Dynamite Jones
Titre original: Cleopatra Jones
Genre: Blaxploitation , Action
Année: 1973
Pays d'origine: Etats-Unis
Réalisateur: Jack Starrett
Casting:
Tamara Dobson, Antonio Fargas, Shelley Winters, Bernie Casey...
 

Agent secret pour le gouvernement, Cleopatra Jones mène un véritable combat contre le monde de la drogue. Du dealer au baron le plus haut placé, pas un ne lui échappe ! Mais Mummy, l'une des femmes les plus imposantes du milieu, ne l'entend pas de la même oreille : elle s'en prendra à un centre de désintoxication dont le directeur n'est autre que l'homme de notre grande justicière...

 

 

Il est très intéressant de resituer "Cleopatra Jones" dans l'histoire de la blaxploitation : premier film du genre à aborder le sujet des stupéfiants et satire policière "à la cool", cette production Warner devance aussi de quelques mois (sur le plan "féministe") le "Coffy" réalisé par Jack Hill.
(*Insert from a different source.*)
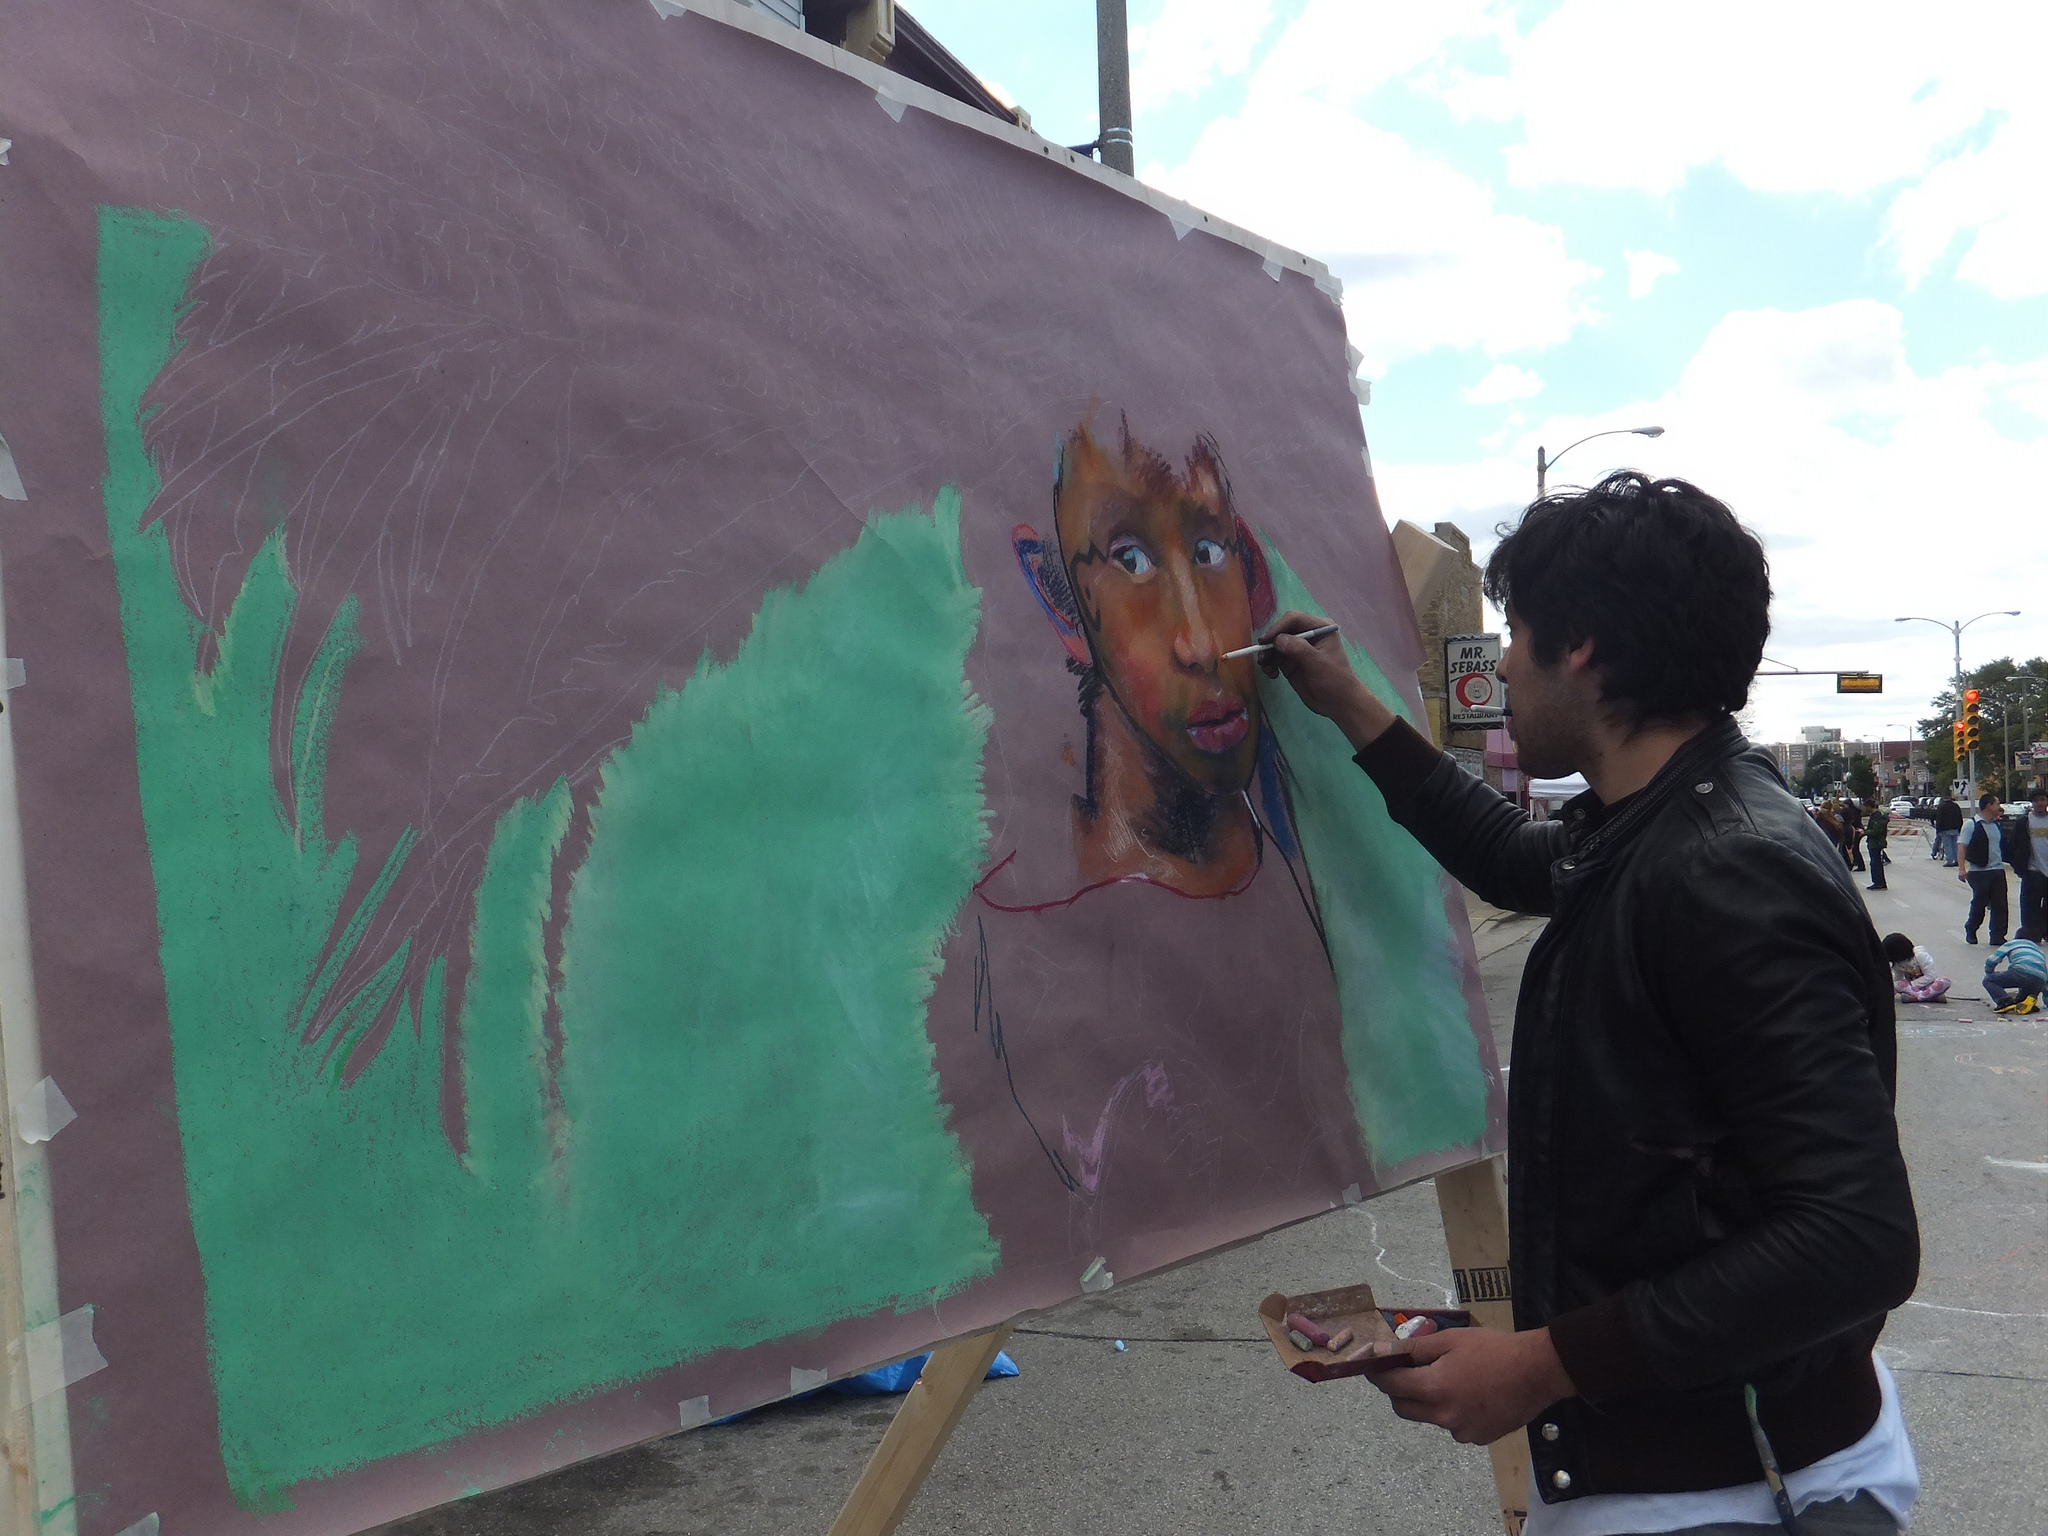 Artist Sydney Romero paints a portrait at the 3rd Annual Silver City International Food & Art Walk. (Photo by Teran Powell)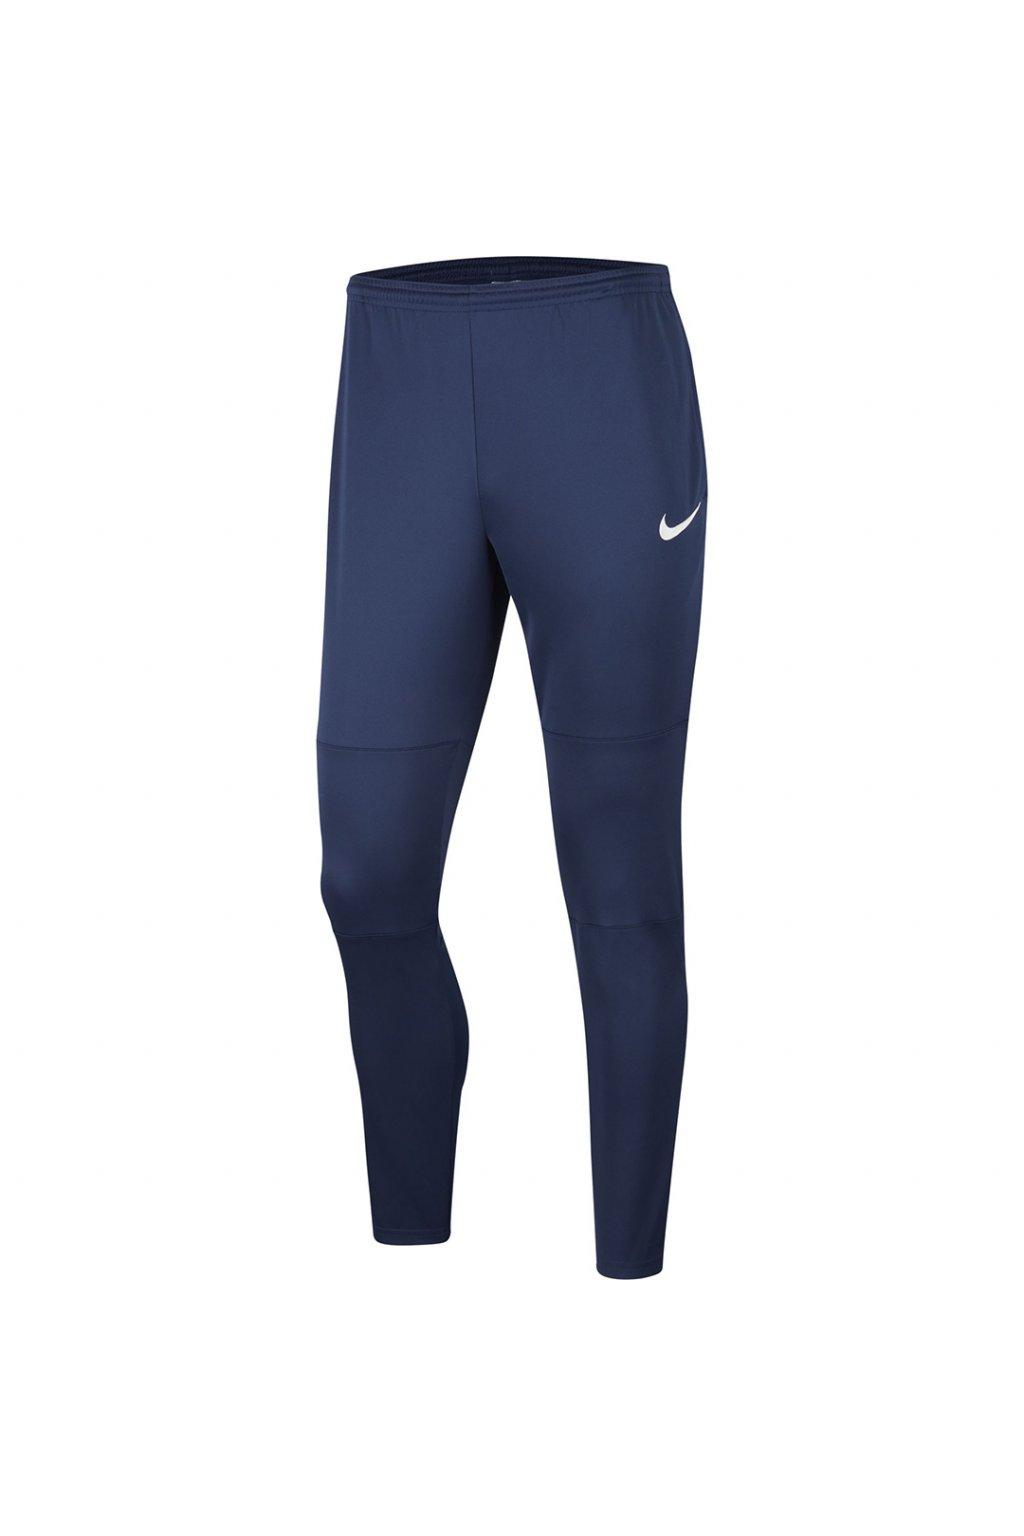 Juniorské tepláky Nike Dry Park 20 Pant KP tmavo modré BV6902 451

Si le second bénéficia d'une notoriété plus grande, la faute à une immense Pam Grier ou au talent d'un réalisateur qui disait ne jamais aimer ce qu'il faisait, Tamara Dobson, 1m88, toute en jambes et munie d'une afro à en faire pâlir les Jackson 5 réunis, avait pourtant un charisme et une présence capables de rivaliser avec plus d'un(e). On pense d'ailleurs à James Coburn dans "F comme Flint" ; elle entre en scène et la magie opère. En sa défaveur, alors, un jeu peut-être trop limité. Et si sa carrière fut brève, il nous en reste sûrement le meilleur : de grands coups de pied aussi bien portés que ses multiples tenues hautes en couleurs.

 

 

Mais "Cleopatra Jones", c'est avant tout les aventures d'une agent à la solde du gouvernement américain qui, plus que de se présenter tel un simple et banal avatar féminin de James Bond, revigore plutôt bien ses sources (en serait-elle l'antithèse ?) : Cleopatra parle peu, manie la mitraillette, le karaté et le couteau comme personne, et se transcende dans un érotisme qui corromprait le moindre flic ayant le malheur de croiser son chemin. Ici, c'est au tour de son directeur de tomber plus ou moins sous le charme. Elle le satisfera d'un simple et beau baiser à la toute fin, devant les yeux de son propre compagnon et dans un élan libertaire propre à ces années là. L'exotisme, l'érotisme et l'action sont donc de la partie, prêts à faire fantasmer tout un public et alimenter un circuit "blax" qui, en 1973, connaissait déjà un essor considérable.
Pour plus d'efficacité, et afin de mettre en valeur l'ambiance bon enfant de l'ensemble, les blancs sont de grands nigauds et les autres protagonistes, pour la plupart, renvoient à de vulgaires stéréotypes : Shelley Winters ("Une place au soleil", "Lolita"...) interprète Mummy, la corpulente vilaine, "méchante" hystérique et blanche qui voit son empire s'écrouler de jour en jour, alors que le grand Antonio Fargas ("Foxy Brown", "Mort sur le grill" ou encore Huggy les bons tuyaux) se retrouve une fois de plus dans le rôle du mafieux "tranquille" (ici Doodlebug) en quête d'un épanouissement teinté d'utopie. En dépit d'un bon investissement général de la part des acteurs, Shelley Winters cabotine et l'on regrette le manque de caractère de son personnage ; juste une belle esquisse.

 

 

Le reste du film est un cocktail assez bien tassé, dirigé de la main quelque peu maladroite mais sincère de Jack Starrett (cultissime acteur de la bikersploitation cantonné aux rôles de shérif et accro à la coke, on lui doit aussi deux épisodes de "Starsky et Hutch" et le fameux "Slaughter"). Le moins que l'on puisse dire est qu'il dirige son bateau en bonne connaissance des choses : comme souvent dans la blaxploitation, le fun sera privilégié et ce n'est pas Max Julien (scénariste pour le coup) qui nous prouvera le contraire si l'on se souvient de son interprétation de Goldie dans "Le Mac" (1973).
En somme, "Cleopatra Jones" se savoure comme un bon roman de gare, sans qu'on puisse l'oublier pour autant ; l'imagerie est forte, racée, et Cleo semble, à chaque plan, sortir tout droit d'une bande dessinée. Avec J.J. Johnson à la bande originale, pour sûr que l'on se souviendra de ce film phare de la blaxploitation.